"CARI saja yang lewat Kertosono," pesan seorang teman yang asli Kediri. "Karena kalau naik yang lewat Pare akan lebih lama nyampainya."
Pertanyaan itu perlu saya lontarkan, karena saya akan ke Ngronggo. Sebuah desa yang masih masuk ke dalam wilayah Kediri Kota. Keterangan lanjutan dari teman saya itu, adalah soal bis. Karena, "Yang lewat Pare itu lebih jelek armadanya. Kalau yang Kertosono ada Harapan Jaya atau Pelita Indah. Dijamin banter-banter."
Minggu kemarin (22 April), bersama anak istri plus pakde, jam delapan lebih empat puluh lima menit, saya take off dari Bungurasih. Dan, alhamdulillah, Pelita Indah sedang dalam posisi antrean di depan dengan tulisan via Kertosono di kaca depan.
Karena saya benar-benar buta akan tujuan saya, maka ketika bis melaju diatas jembatan layang Trosobo saya bilang ke kondektur untuk memastikan agar saya nanti diturunkan di pertigaan Ngronggo. "Iya, nanti kalau sudah dekat tak bilangi," kata kondektur sambil menghitung uang kembalian untuk saya. Tarifnya, Surabaya-Ngronggo itu, empat belas ribu per kepala.
Ancar-ancar yang saya dapat dari orang yang hendak kami datangi itu jelas. Pokoknya Ngronggo itu tempat pemberhentian bis setelah Alun-alun. Tepatnya, sebuah pertigaan yang ada lampu traffic light-nya.
Lancar, alhamdulillah.
Kami tiba di lokasi dengan selamat. Tetapi ada satu pengalaman (pemandangan, sebenarnya) yang betapa tidak selamatnya dia. Ceritanya begini: Biasalah, ketika akan mendekati tempat turun, kondektur selalu meneriakkan suatu tempat. Tujuannya jelas, agar si penumpang itu, yang bisa jadi sedang agak tertidur itu, supaya bangun dan segera mendekati pintu.
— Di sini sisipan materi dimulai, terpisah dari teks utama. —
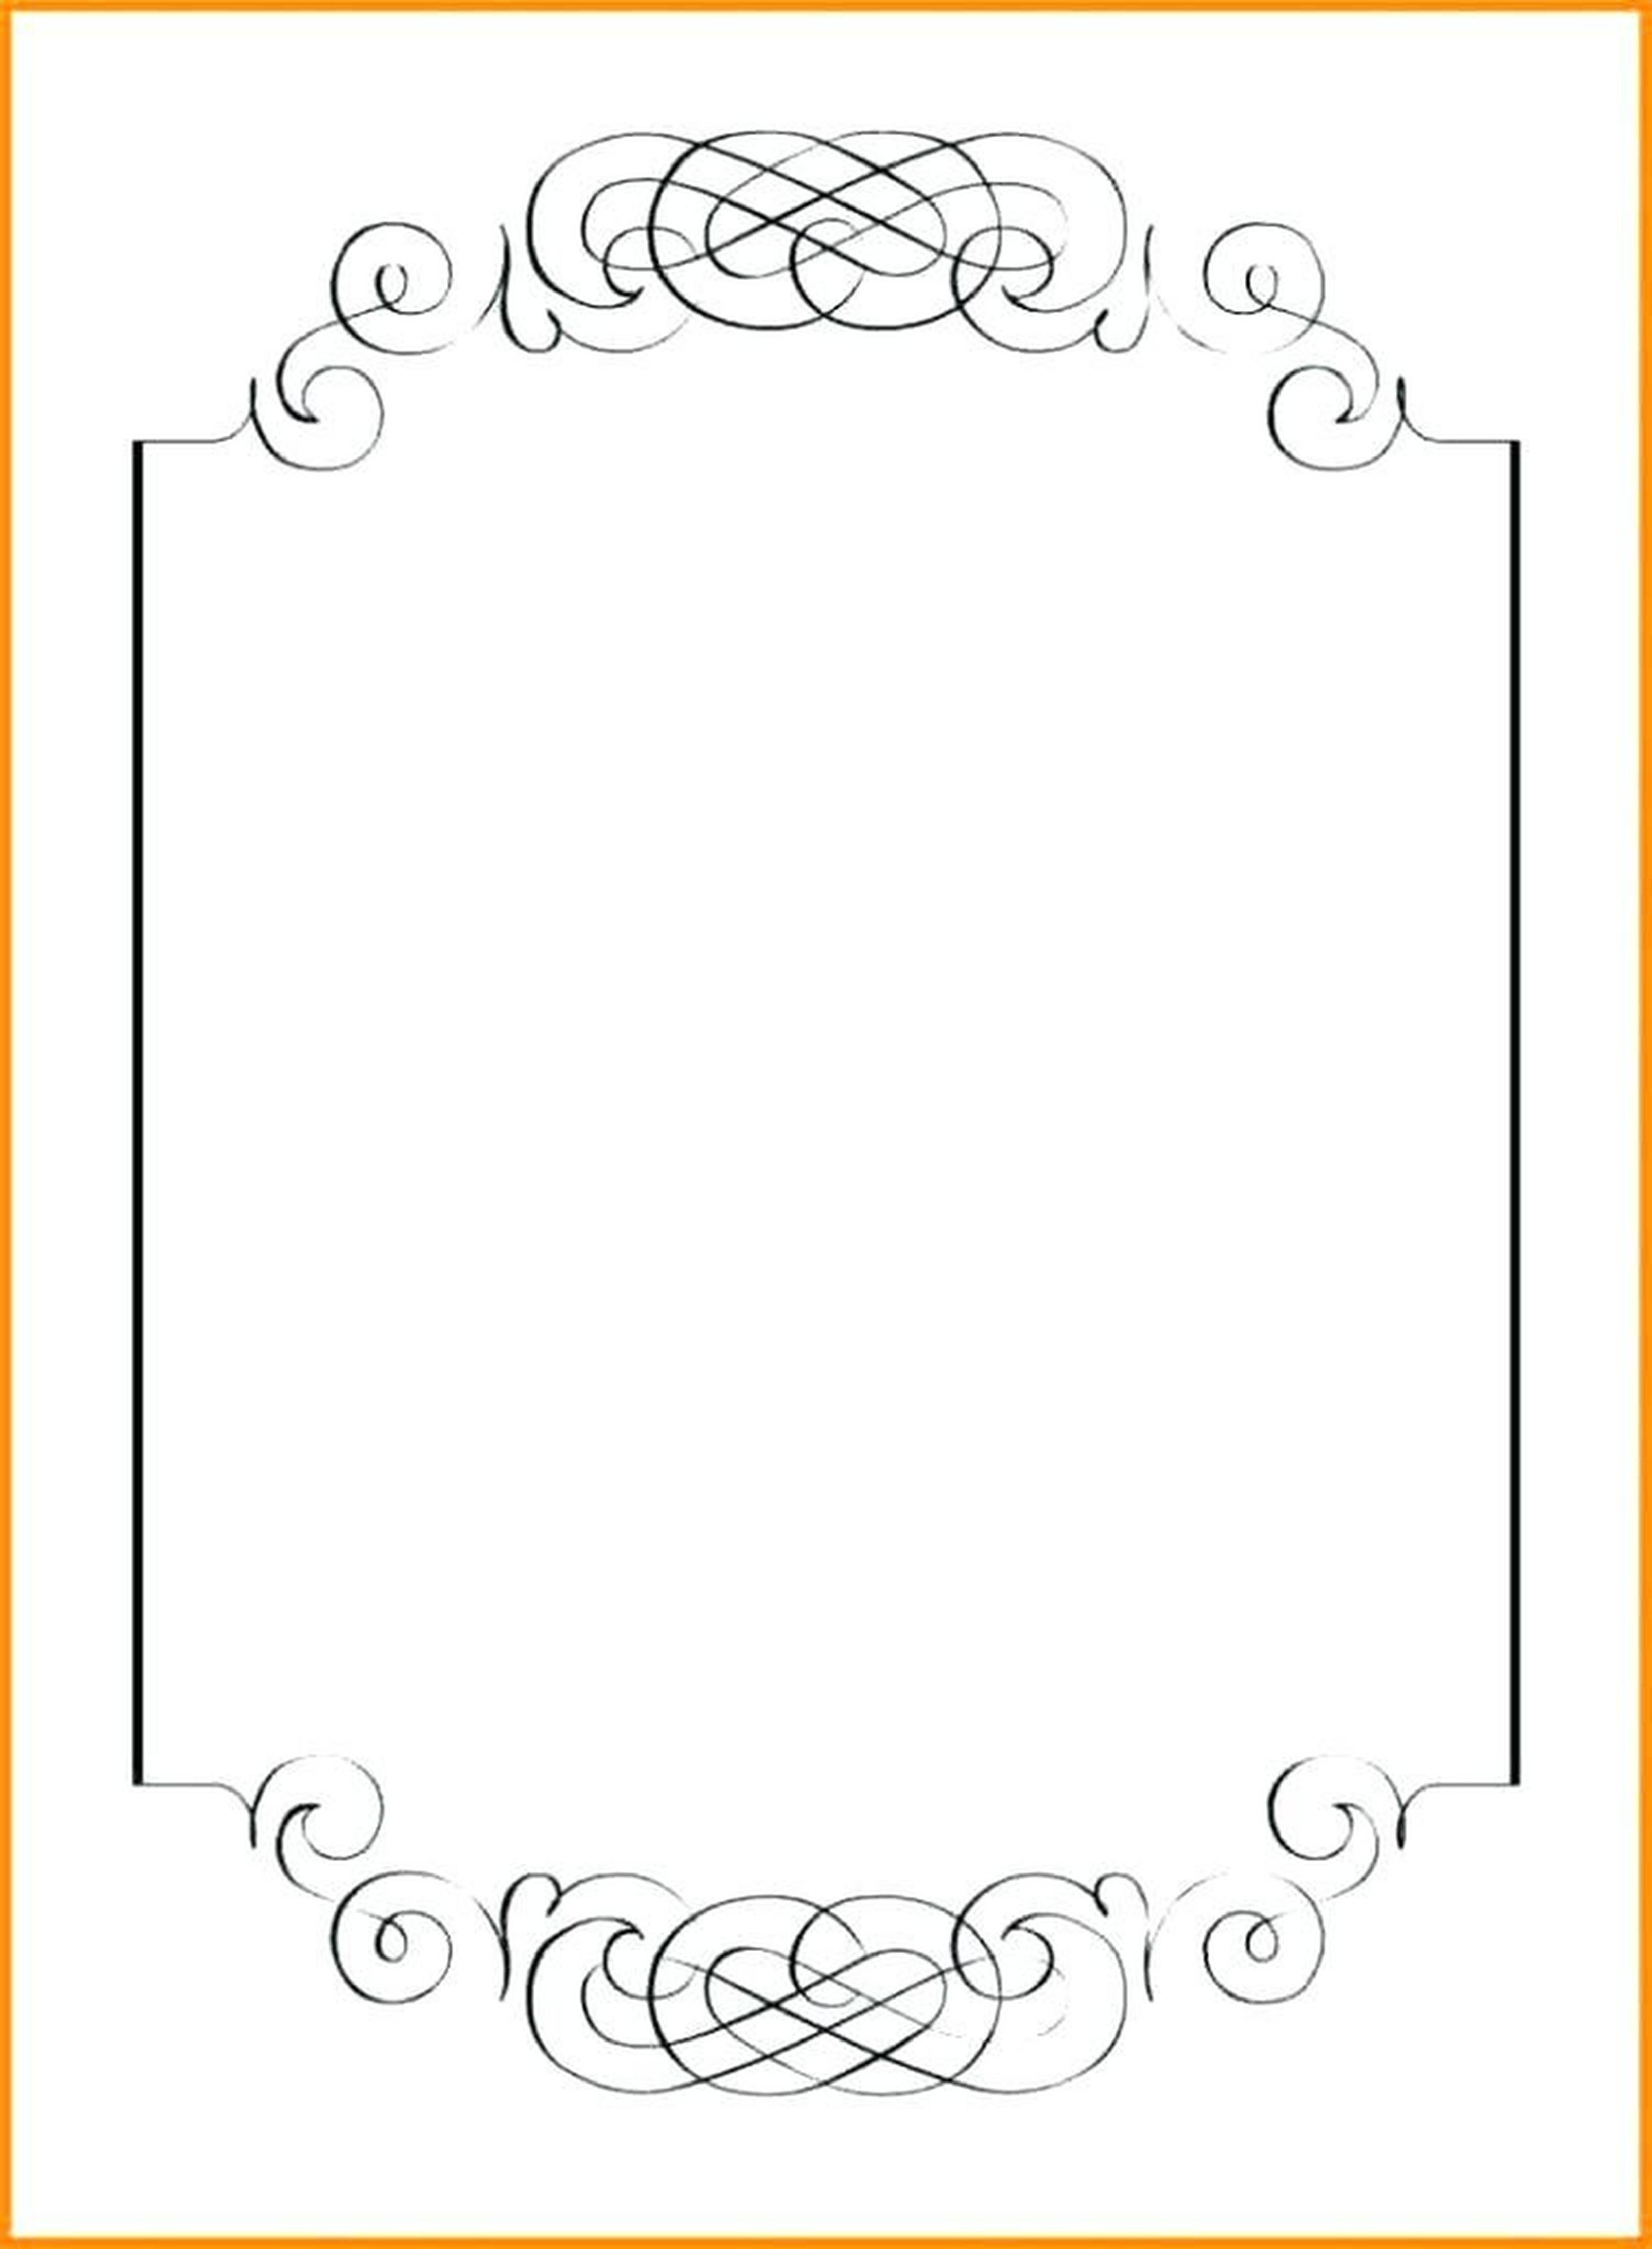 20+ Free Wedding Invitation Templates Printables | Wedding - Free Printable Wedding Invitation Templates For Word
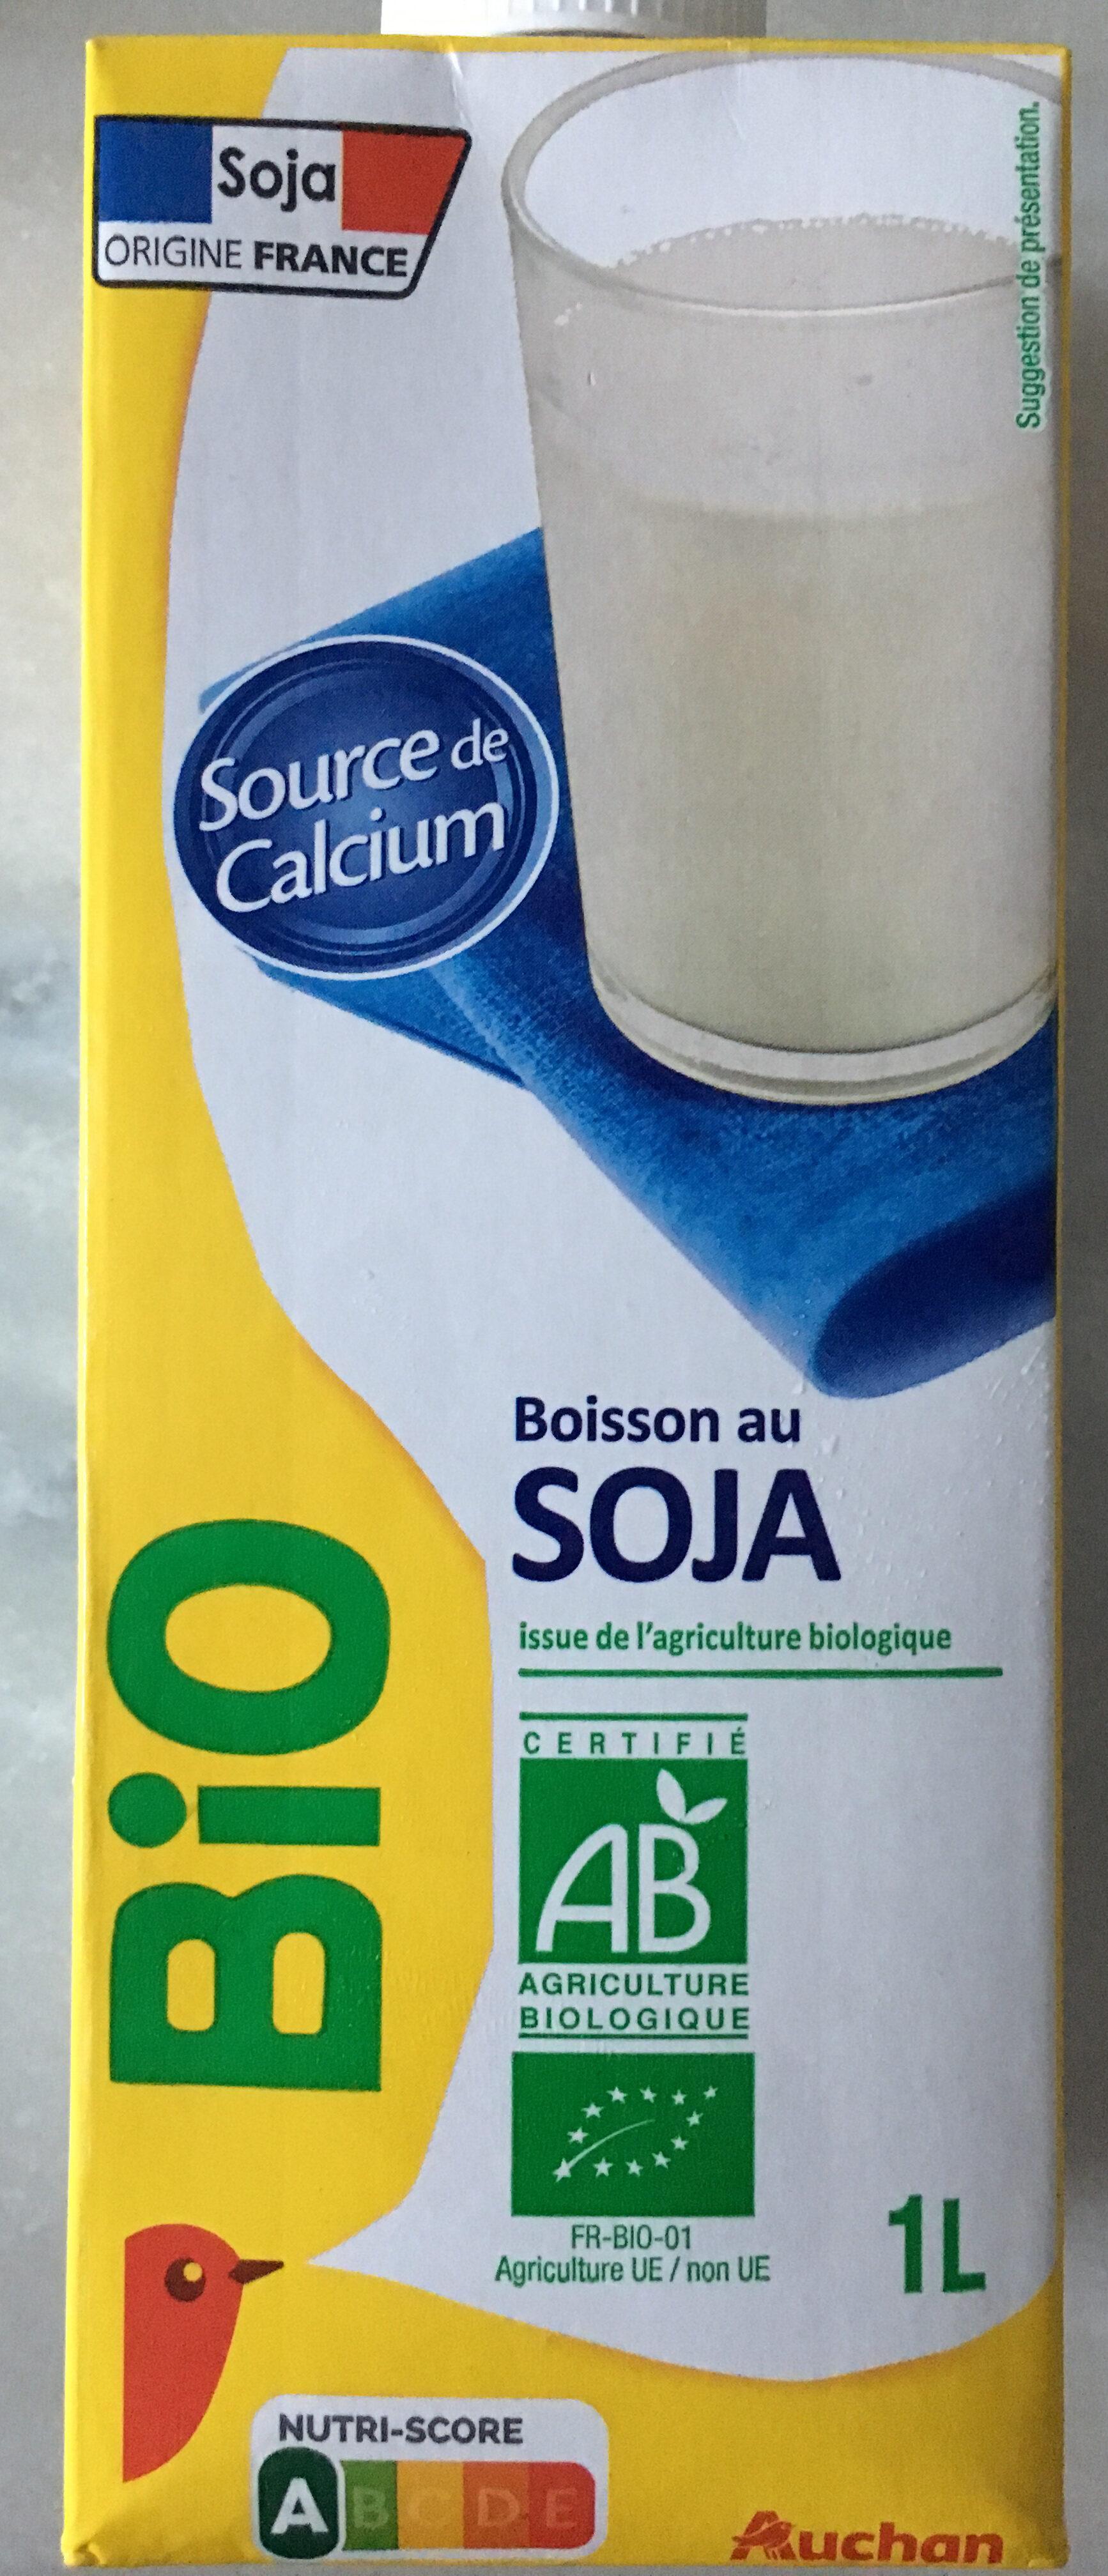 Boisson au Soja - Produit

Saya lupa ia turun dimana, tetapi seorang lelaki langsung menuju dekat pintu setelah mendengar teriakan kondektur. Tetapi sial. Ketika lelaki itu berjalan mendekati pintu, sopir menginjak pedal rem dengan tiba-tiba entah karena apa. Maka, si penumpang yang hendak turun tadi terjatuh tengkurap dan nyaris mencium bangku (atau penutup mesin?) disebelah sopir. Saya tahu, dengan tangan sempat menahan begitu, tentu kejatuhan itu tidak terlalu menyakitkan. Tetapi, tentulah sangat memalukan. Dan, bapak sopir yang di topi hitamnya tertera tulisan Pemburu itu, sialnya, hanya memandang yang terjatuh itu dengan tanpa meminta maaf.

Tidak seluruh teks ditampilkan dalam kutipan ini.